Retirees and near-retirees need to find every tax deduction they can take. There are several ways to reduce your tax bill, but you often need to take action before the end of December. The Tax…
Retirees and near-retirees need to find every tax deduction they can take. There are several ways to reduce your tax bill, but you often need to take action before the end of December. The Tax Cuts and Jobs Act changes the tax law in many important ways. Here are five tips for retirees filing taxes for 2018.
Take required minimum distributions. Required minimum distributions are amounts the owner of a retirement account must withdraw annually starting after age 70 1/2. When you made those contributions to your retirement plan years ago, they were tax-deferred — not tax-free. It’s now time for retirees to pay up.

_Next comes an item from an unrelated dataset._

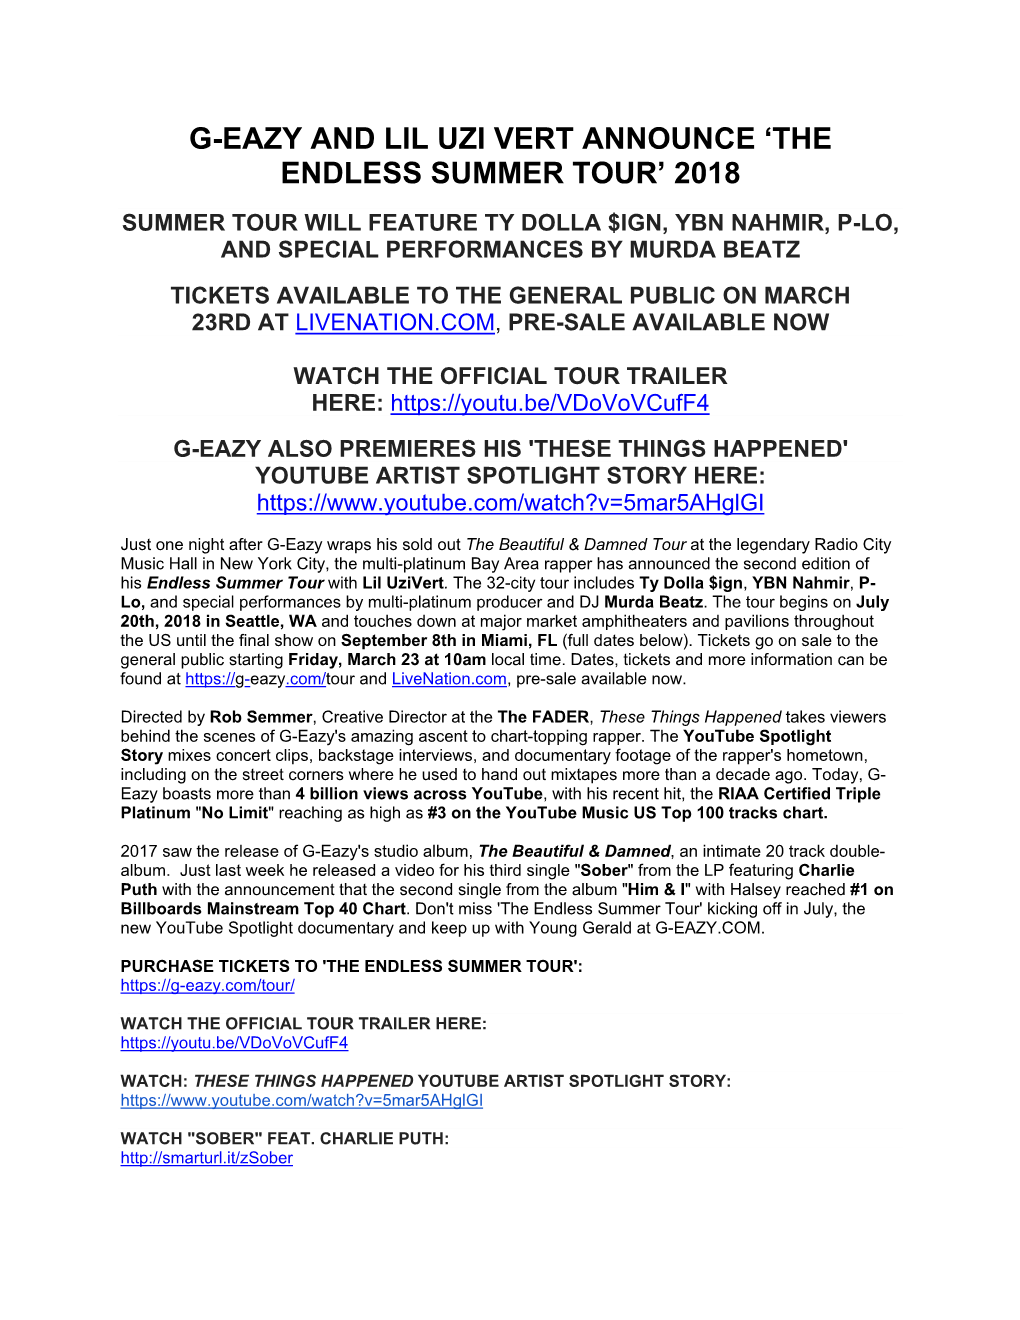 The Endless Summer Tour’ 2018

Forgetting to take your required minimum distributions from your retirement account can cost you big time. “Some people forget,” says Douglas Birch, managing director of the tax group at CBIZ in Clearwater, Florida. “If you miss the withdrawal, you will be subject not only to the taxes, but a 50 percent excise penalty on the amount you were supposed to take out, but didn’t.”
Make qualified charitable distributions. Some people don’t want to take their retirement account distributions or don’t need to. A 401(k) or IRA withdrawal causes your income to go up for that year, and that may impact your Social Security taxes and increase your Medicare payments. If the RMD instead goes directly to a charity, it stays off your tax return and reduces your income. “Take your RMD, but instead of putting it in your pocket, send it directly to the charity,” says Karen Mims, a tax attorney and founder of Harbour Point Wealth Management in Columbia, Maryland.
Open a health savings account. If you are enrolled in a high-deductible health plan in 2018, you are eligible to contribute to a health savings account until your tax filing deadline in April 2019. The HSA offers a triple tax benefit: contributions are made on a pretax basis, interest and investment earnings are tax-free and qualified medical payments are tax-free.
If you are 55 or older, you can contribute an additional $1,000 to your HSA, or $2,000 for a married couple. The IRS also allows a once-in-a-lifetime transfer from your IRA to your HSA. However, you are not allowed to contribute to a HSA once you have enrolled in Medicare.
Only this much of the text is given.